March 6 (UPI) -- A bill that would relax key banking regulations imposed after the financial crisis may pass in the Senate this week, and may set up a clash among Democrats.
The first procedural vote to roll back critical parts of the 2010 Dodd-Frank Act -- the Wall Street reform bill signed into law by former President Barack Obama -- is expected to pass the upper chamber within days.
Moderate Democrats and Republicans who support the measure say it is long overdue and will free community banks and credit unions from over-regulation.
Sen. Elizabeth Warren, D-Mass., and other Democratic critics say the legislation merely uses small institutions as cover for loosening rules on major banks -- a measure that could put the entire economy at risk.
"If we lose the final vote ... we'll be paving the way for the next big crash," Warren said. "It's time for the rest of us to fight back and demand that Washington work for us, not the big bank lobbyists."
Democratic backers say the bill can revitalize community banks and help the smaller institutions hold their own against Wall Street giants.

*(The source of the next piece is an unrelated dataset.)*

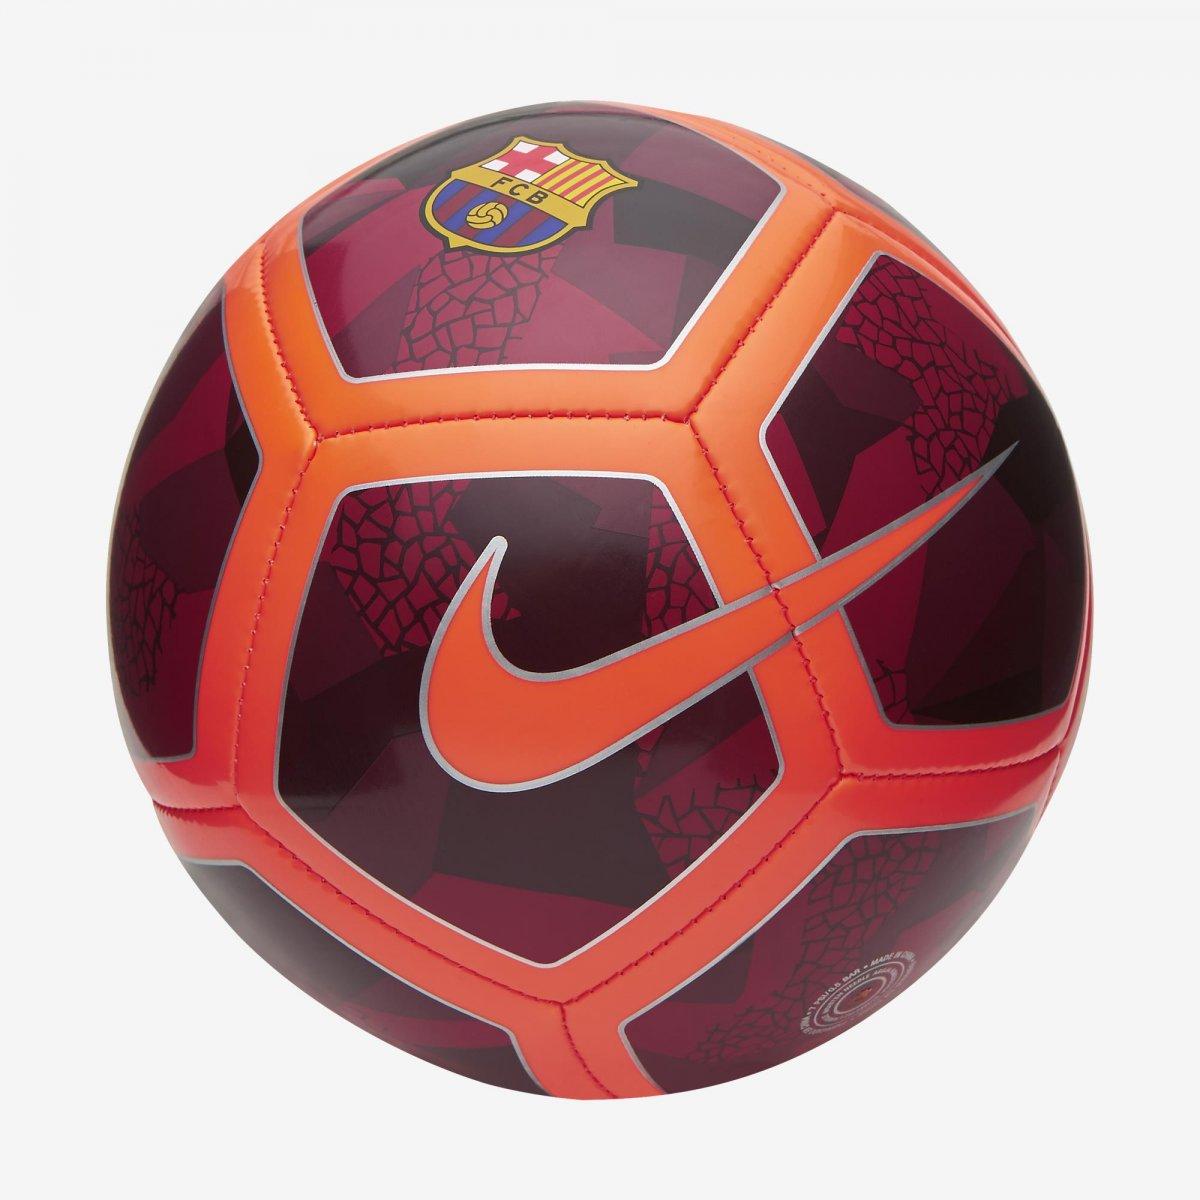 bf418678cc4c4 Bizz Store - Mini Bola Futebol De Campo Nike Barcelona Skills

"When you don't respond to these kinds of legitimate concerns from small lenders, there's a resentment to the overall policy," said Sen. Heidi Heitkamp, D-N.D. "We tend to throw the baby out with the bathwater with that kind of frustration."
The rollbacks would allow easier mortgage regulations for small banks and provide new exemptions from tough oversight for regional banks with $50 billion to $250 billion in assets.
President Donald Trump, who has pledged to "dismantle" Dodd-Frank, met last week with credit union advocates.